Adv. Housen-Couriel experience at the international level includes her work as a member of the International Group of Experts that drafted the 2017 Tallinn 2.0 manual on state activity in cyberspace; as a Core Expert for the Manual on International Law Applicable to Military Uses of Outer Space (MILAMOS) project; and as a member of the Editorial Board of the McGill Encyclopedia of International Space Law. She has also served on the Advisory Board for the Global Forum on Cyber Expertise and as a member of the Legal Research Advisory Group for the Global Commission on the Stability of Cyberspace. Deborah was previously part of the International Law Association’s Study Group on Cybersecurity, Terrorism, and International Law, and served as Vice Chair of the American Society of International Law’s Law and Technology Interest Group. She is certified with the IBITGQ EU General Data Protection Regulation Foundation and Practitioner (GDPR F and P).

Adv. Housen-Couriel is currently a member of the Advisory Board for Hebrew University’s Federmann Cyber Security Research Center and a Research Fellow at Reichman University’s Institute for Counter-Terrorism. She also teaches cybersecurity law and regulation at Hebrew University Law School and Reichman University, focusing on the interaction among public international law, domestic legal systems, and technological developments in cyberspace. She has served as a guest lecturer at the Harvard Kennedy School’s Executive Education Program on Cybersecurity: The Intersection of Policy and Technology.

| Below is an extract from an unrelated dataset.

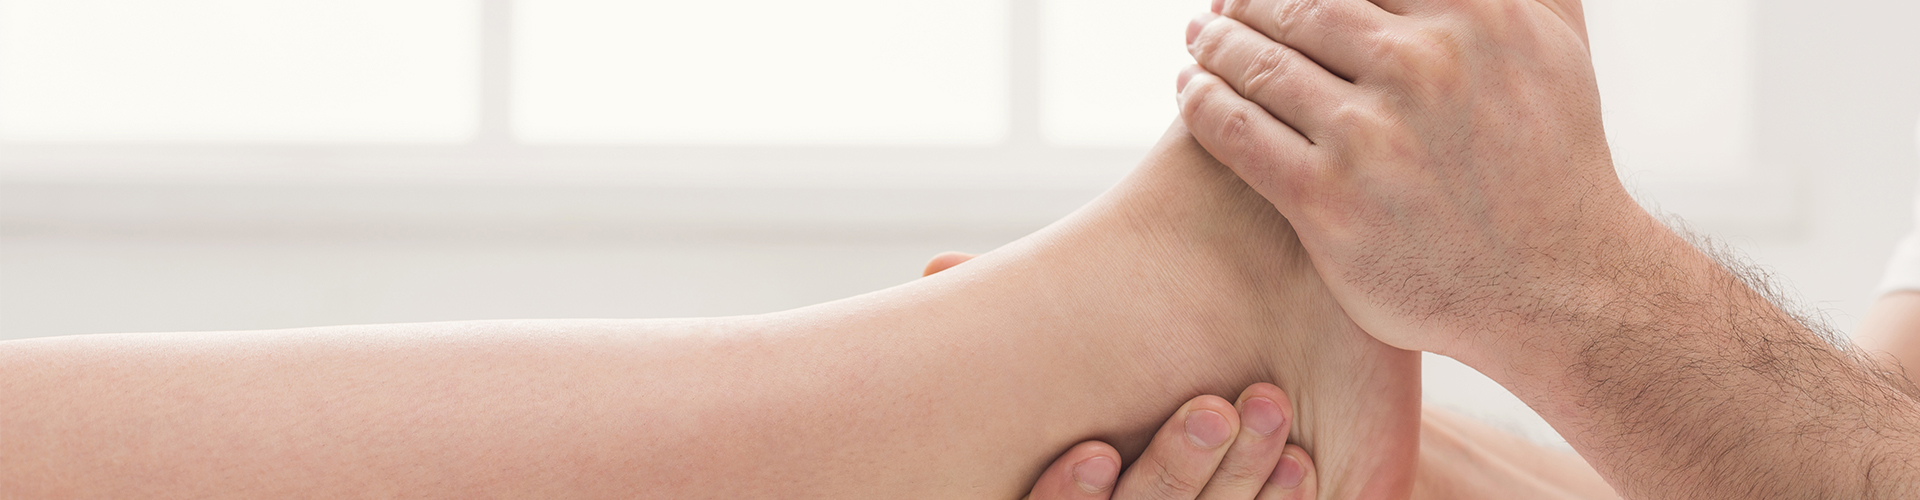 Hausarztpraxis | Dr. Gregor Weinstein

Previously, Adv. Housen-Couriel was a research fellow at the Interdisciplinary Cyber Research Center at Tel Aviv University and at the Minerva Center for the Rule of Law under Extreme Conditions at Haifa University. Between 2007 and 2014, she served as Director of the Wexner Foundation’s Israel Fellowship Program, working to develop public leadership at the highest levels in Israel and the United States in partnership with the Harvard Kennedy School. Before that, she was Director of the Department of Regulation and International Treaties and worked in the Director-General’s Bureau at the Israeli Ministry of Communications (1994–2005). In that role, she participated in Israel’s delegations to the WTO, the ITU, the telecommunications aspects of the Oslo Accords negotiations, and the peace treaty discussions with Jordan.

In 2011, Adv. Housen-Couriel co-chaired the Regulation and Policy Committee of the National Cyber Initiative launched by the Prime Minister’s Office, and in 2013–14, she served on the National Cyber Bureau’s Public Committee on the Cyber Professions. She is currently researching polycentric regulatory models for information sharing to mitigate cyber threats.

Adv. Housen-Couriel received her B.A. in History and Anthropology (summa cum laude, Phi Beta Kappa) from Wellesley College and the École de Sciences Politiques (Sciences Po) in Paris; her LL.B. and LL.M. (cum laude) from Hebrew University; and her MC-MPA from Harvard’s Kennedy School of Government as a Wexner Foundation Fellow in 2000–2001.